START Dataset extract

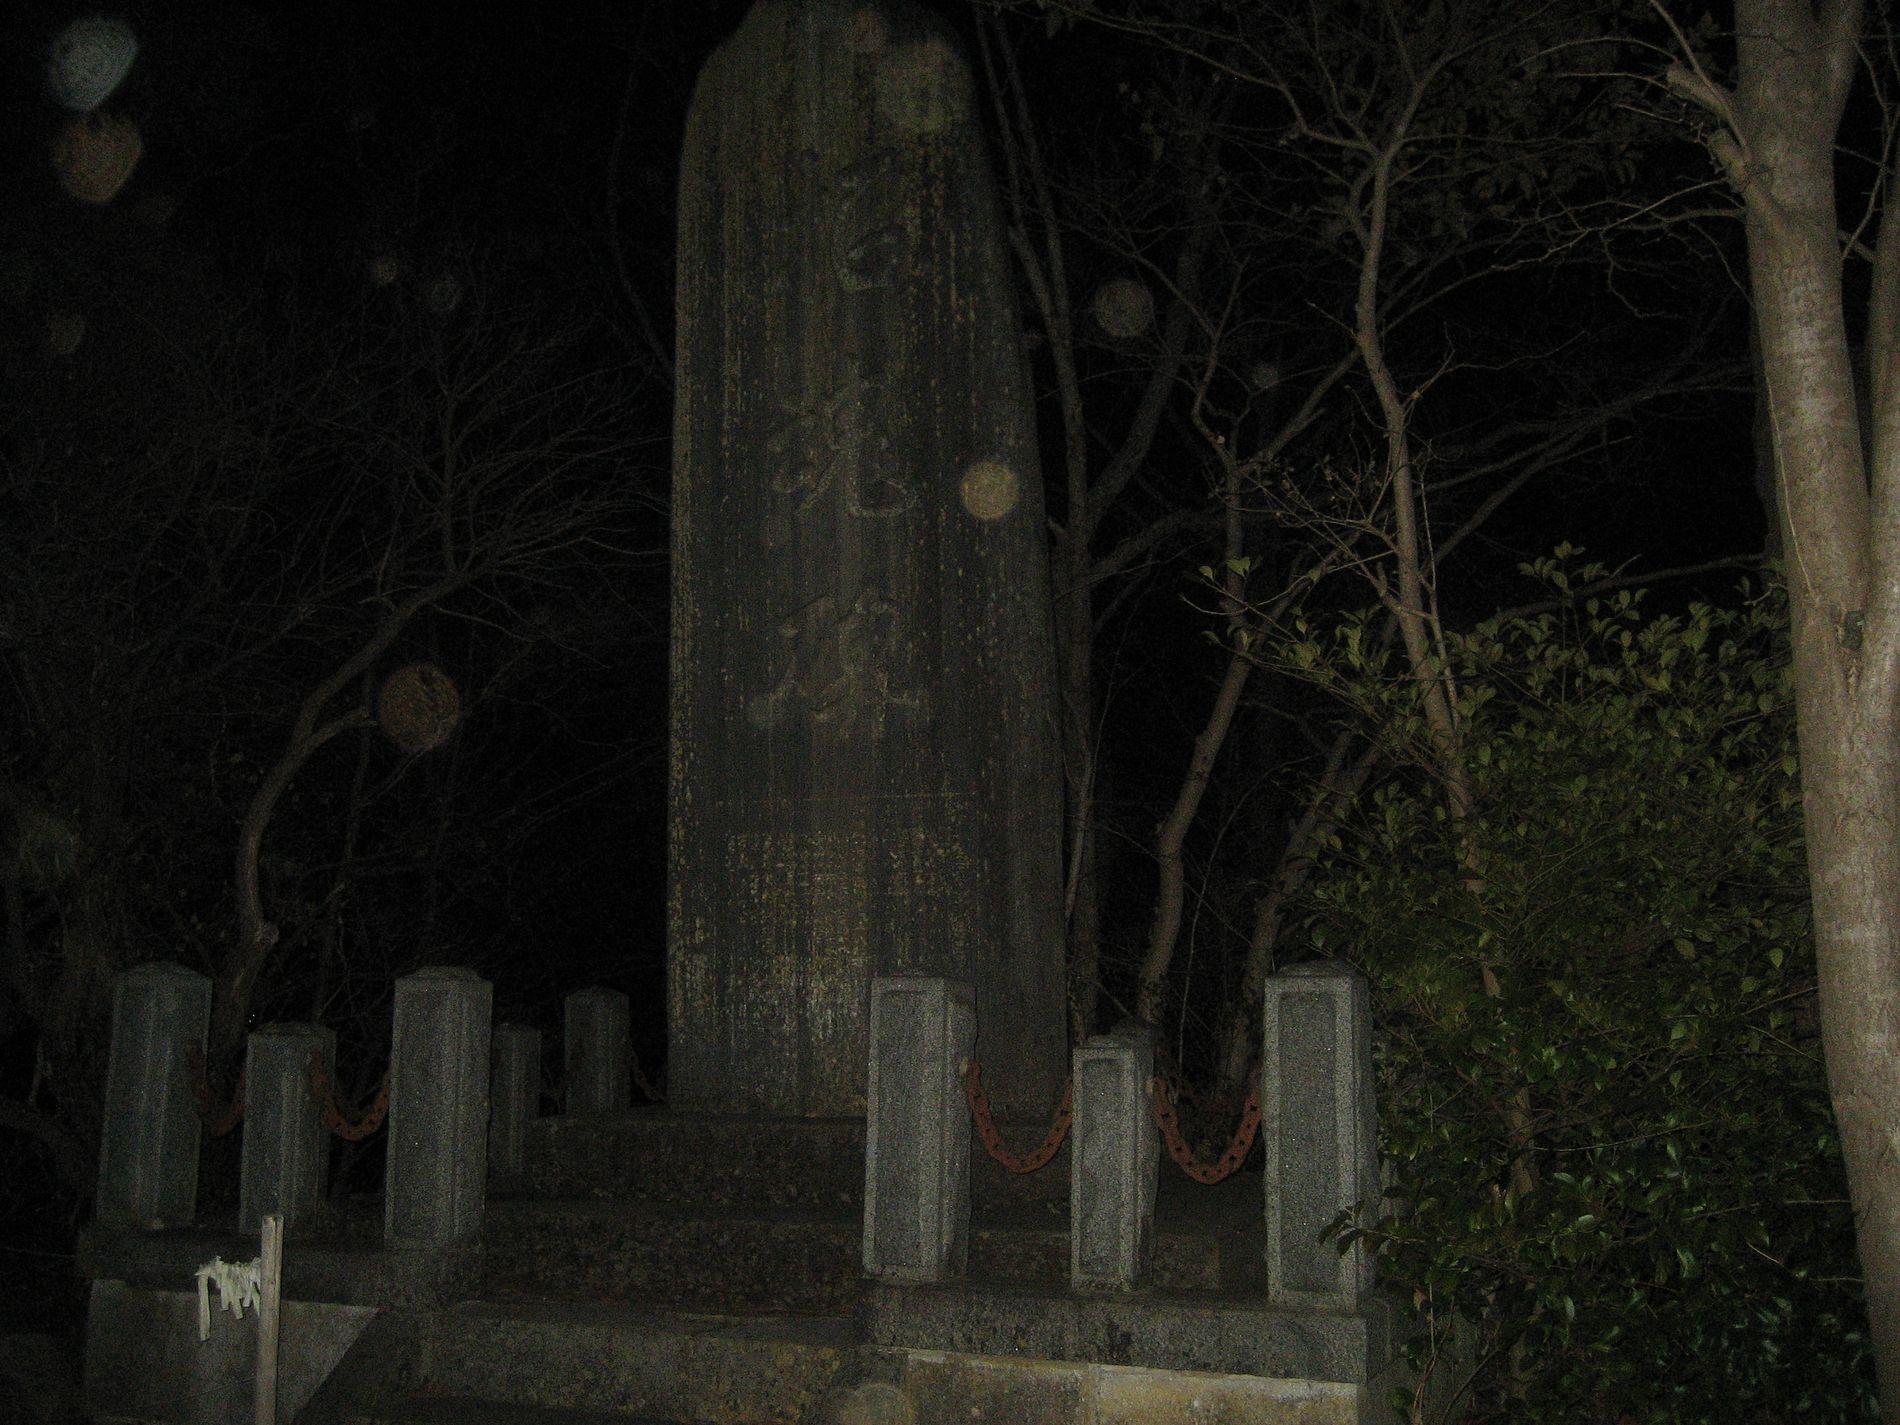 五十鈴神社 開拓碑
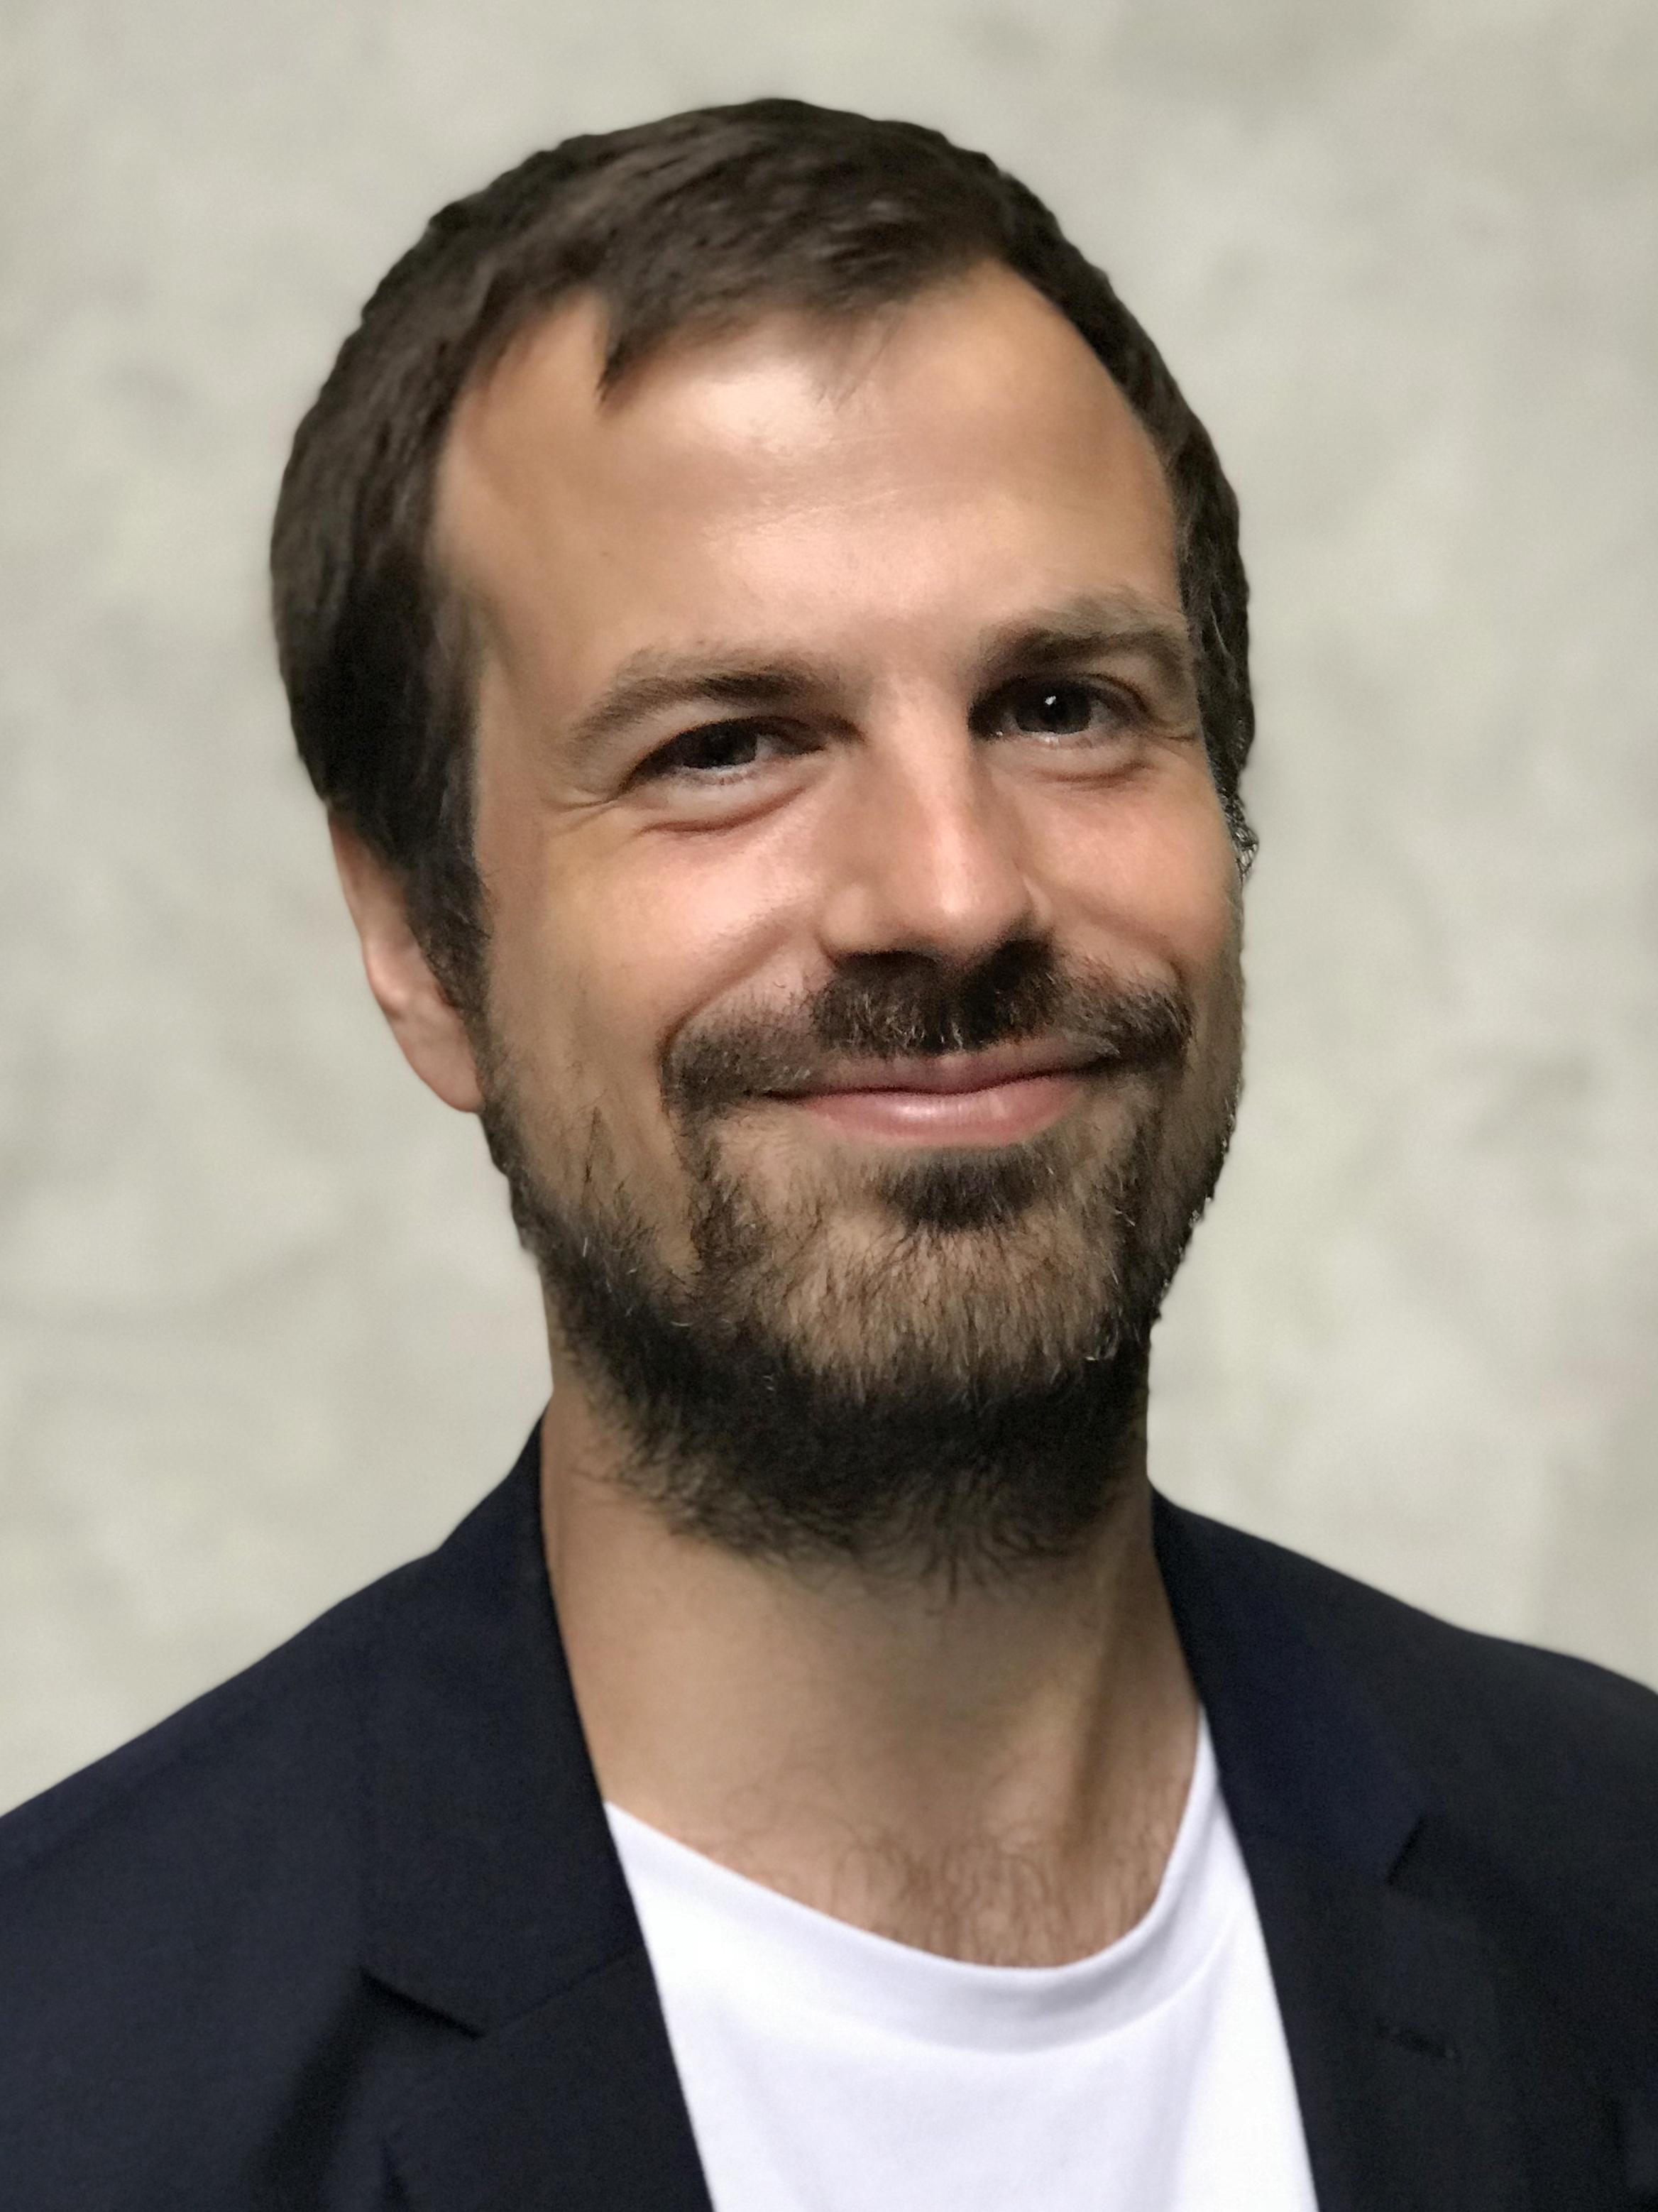 Dr. Moritz Börnert-Ringleb
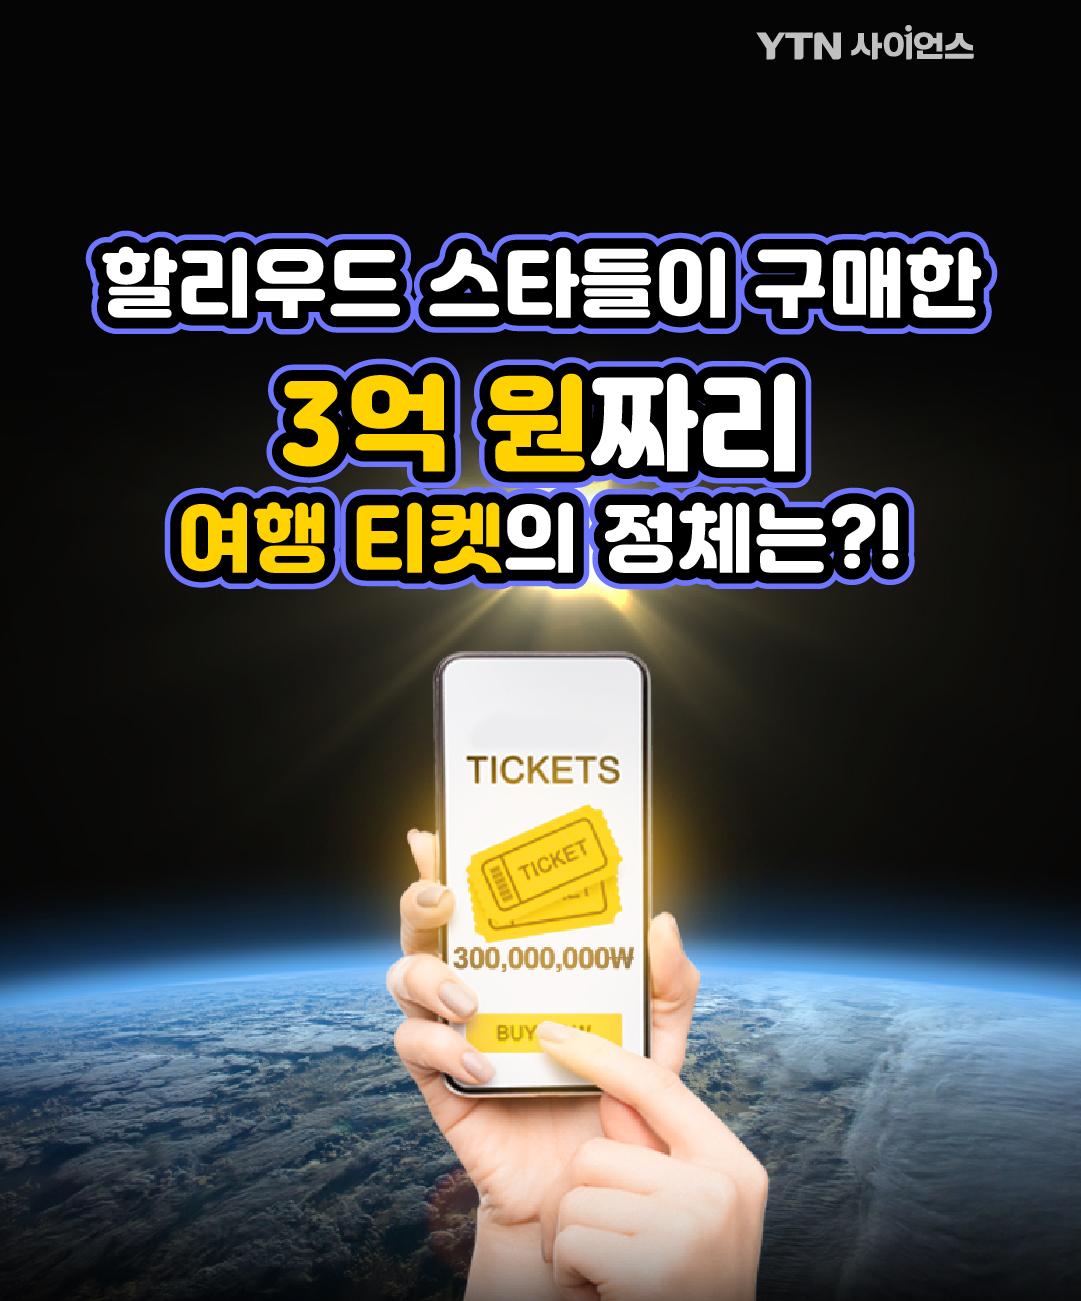 할리우드 스타들이 구매한 3억 원짜리 여행 티켓의 정체는?! 이미지
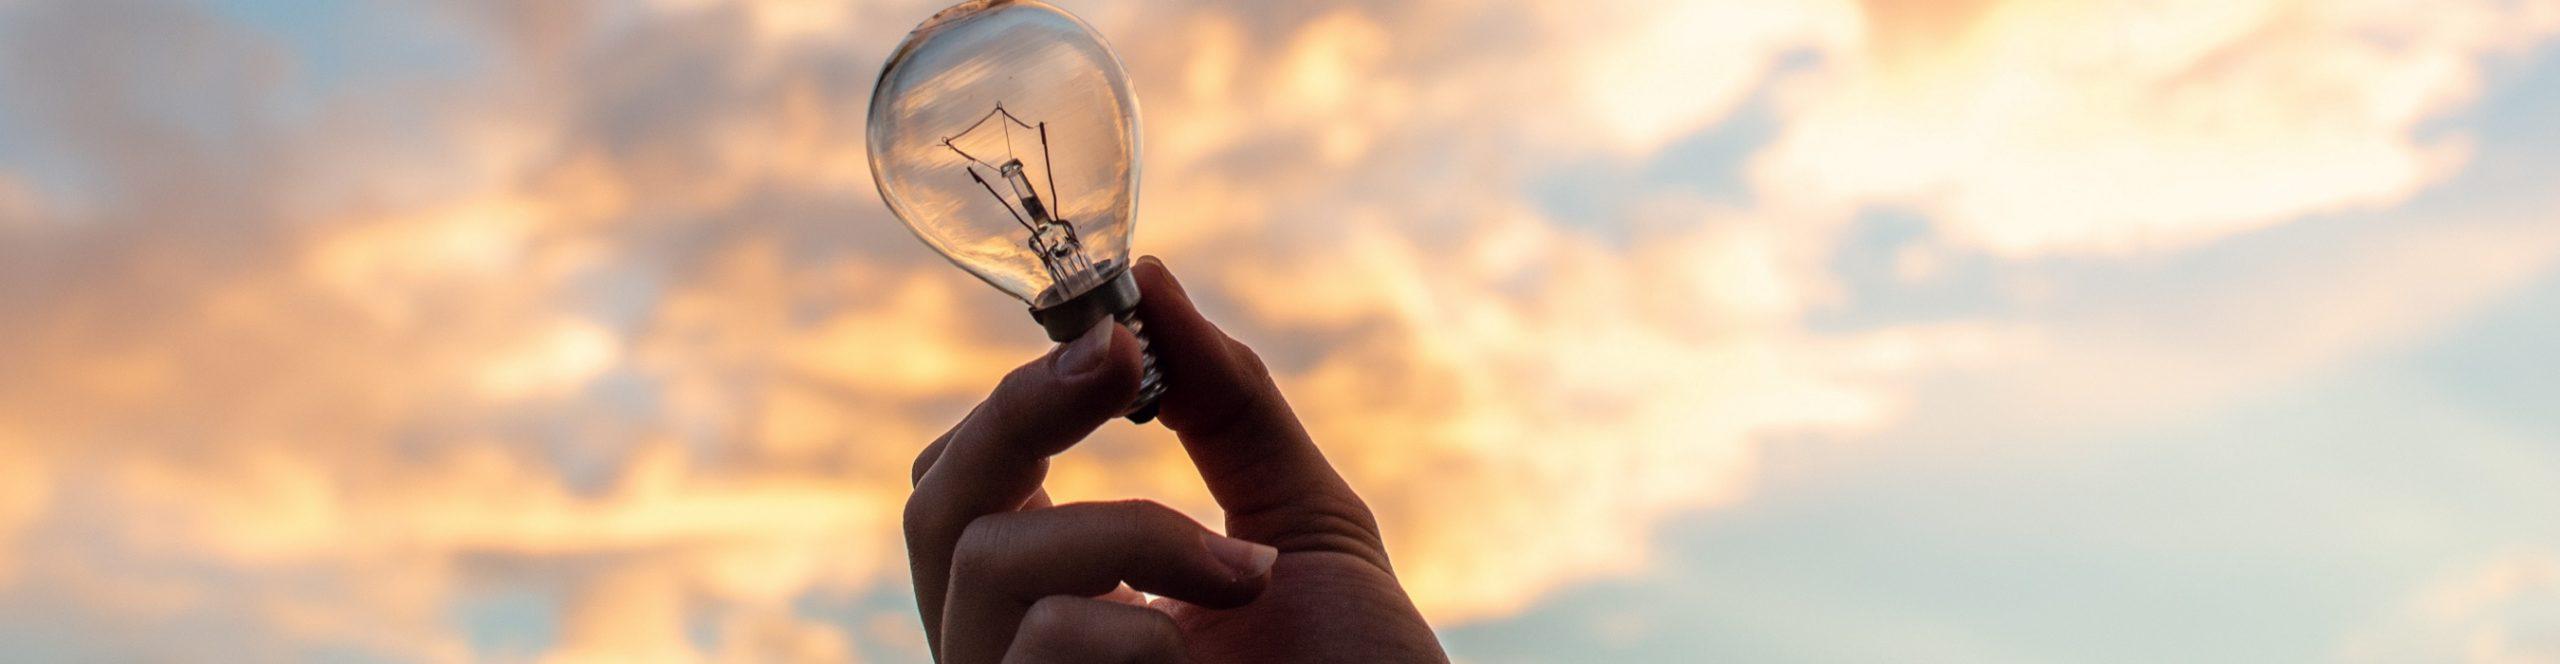 Inovação e disrupção

END Dataset extract

### What the exercise asks
Every line from the one bearing "Dr. Moritz Börnert-Ringleb" through the end of the data above must be output exactly, and no picture may appear.

### Exercise result
 Dr. Moritz Börnert-Ringleb
 할리우드 스타들이 구매한 3억 원짜리 여행 티켓의 정체는?! 이미지
 Inovação e disrupção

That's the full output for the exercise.